- Born: 7 December 1770 Braunschweig, Brunswick-Wolfenbuttel
- Died: 31 December 1840 (aged 70) Kiel, Holstein
- Education: University of Jena
- Scientific career
- Fields: Physics History Natural history Entomology
- Workplaces: Braunschweig University of Technology

= Christian Rudolph Wilhelm Wiedemann =

German entomologist (1770–1840)

Christian Rudolph Wilhelm Wiedemann (7 December 1770 – 31 December 1840) was a German medical doctor, historian, naturalist and entomologist. He is best known for his studies of world Diptera, but he also studied Hymenoptera and Coleoptera, although far less expertly.

==Biography==
Wiedemann's father, Conrad Eberhard Wiedemann (1722–1804) was an art dealer and his mother, Dorothea Frederike (née Raspe) (1741–1804) was the daughter of an accountant in the Royal Mining Service and also interested in the arts.

After his education in Brunswick, he matriculated in 1790 to the Faculty of Medicine at the University of Jena where he was a contemporary of the poet Friedrich von Hardenberg.
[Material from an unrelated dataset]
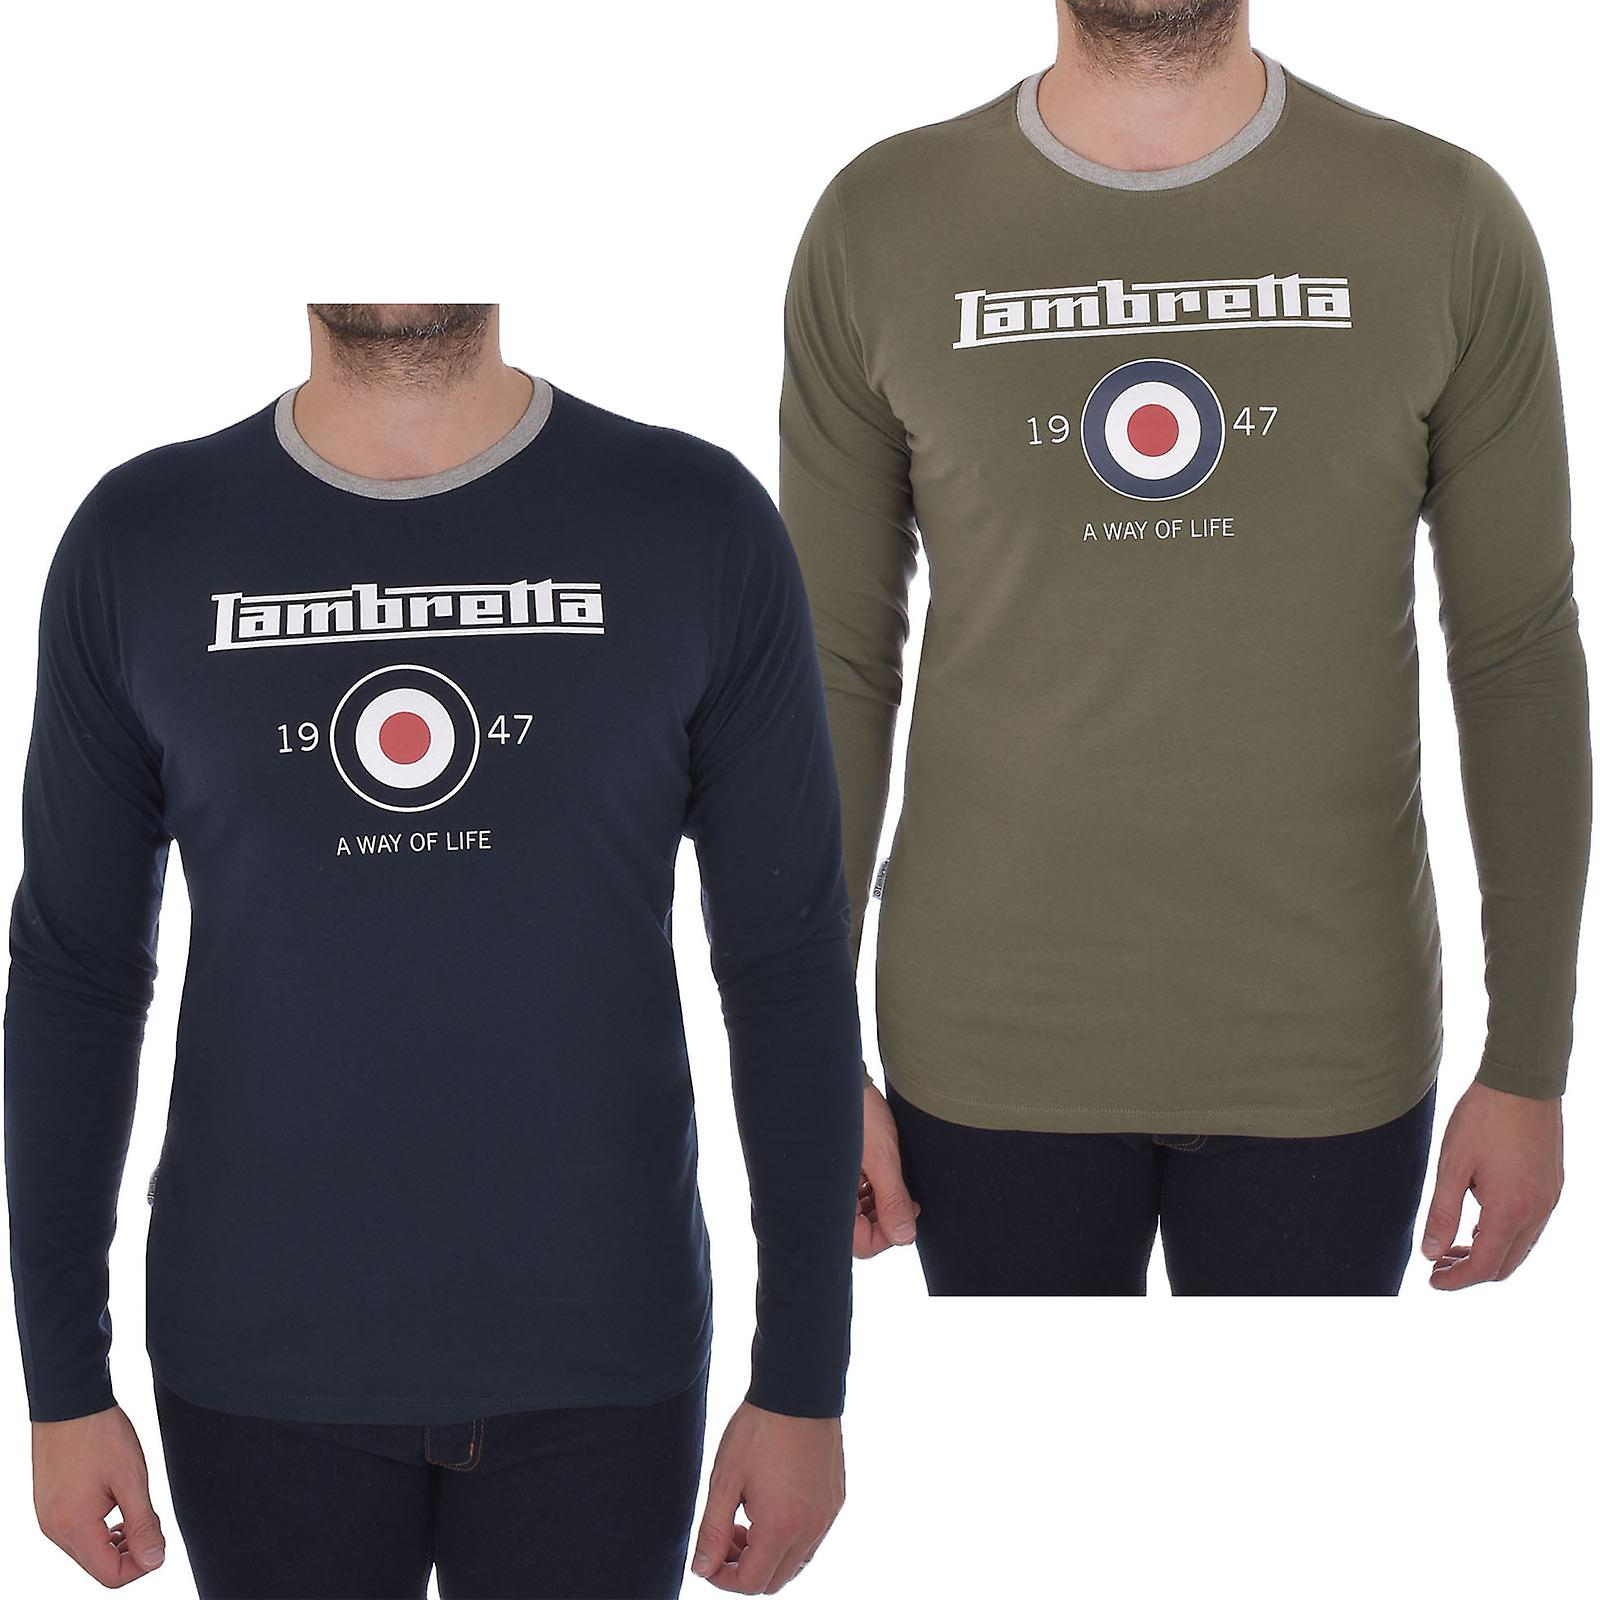 c3d17a2ea38edd Lambretta Herren Langarm Ringer Baumwolle lässig Rundhals T-Shirt T-Shirt  Top

While attending university, Wiedemann, was one of the many pupils of Johann Friedrich Blumenbach, and travelled to Saxony and Bohemia. He obtained his doctoral degree in 1792 with a thesis entitled Dissertatio inauguralis sistens vitia gennus humanum debilitantia. He then went to England to increase his knowledge of mineralogy.

Appointed Professor of Anatomy at Brunswick's Collegium Carolinum in 1794, his inaugural address was about a medical condition observed in a boy at Llandeilo, Wales. It was titled Über das fehlende Brustbein, English "On the missing breastbone".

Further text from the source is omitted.